Learn more about creating Broker VMs in a High Availability Cluster
High availability (HA) is a deployment in which at least two Broker VMs are placed in a Broker VM cluster and their configuration is synchronized to prevent a single point of failure on your network at the hardware and application level. A heartbeat connection between the Broker VM nodes and the Cortex XDR Server ensures seamless failover if a node fails. Setting up a HA cluster provides redundancy and enables data collection continuity.
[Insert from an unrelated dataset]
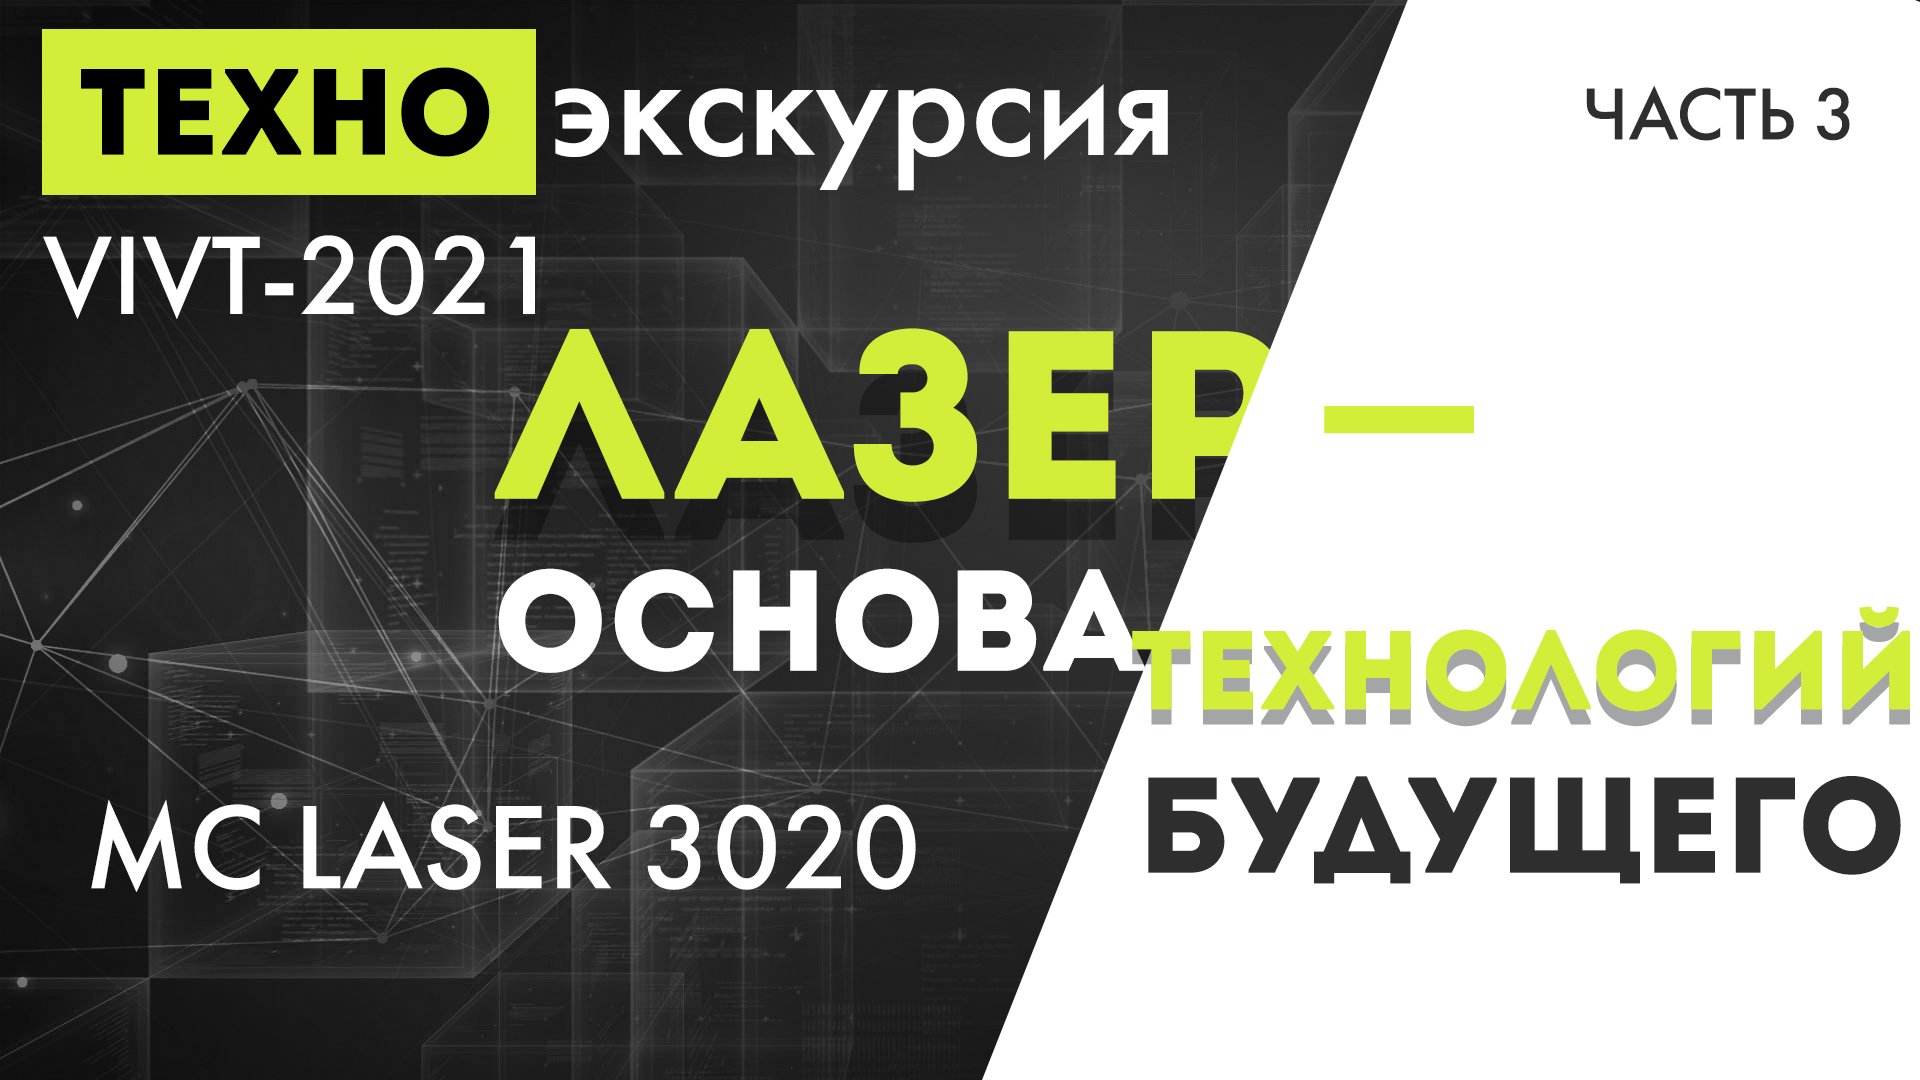 Техно-экскурсия VIVT-2021 часть 3 - "MC LASER 3020. Лазер - основа технологий будущего"

The Clusters tab on the Broker VMs
page enables you to view your cluster configurations, which displays the associated nodes, node statuses, applets configured, and applet statuses. You can add as many clusters as you want in a tenant. Each Cortex XDR cluster can include as many nodes as you need. The cluster operation is fully managed from the tenant, and there is no need to install additional components. There is no need for cluster nodes to communicate with one another on the network. In each cluster, one Broker VM is designated as the Primary cluster node and the rest of the nodes are designated as standby nodes. The cluster architecture is dependent on the type of applets configured in the cluster. Applets on cluster nodes run either in the active/active mode or in the active/passive mode and exhibit different behaviors as detailed in the table below.
Note
With Cortex XDR Prevent, it's only relevant to configure a HA cluster with a Local Agent Settings applet as this is the only applet supported for this product license. The other applets are collector applets, which are only available in Cortex XDR Pro or Cortex XSIAM.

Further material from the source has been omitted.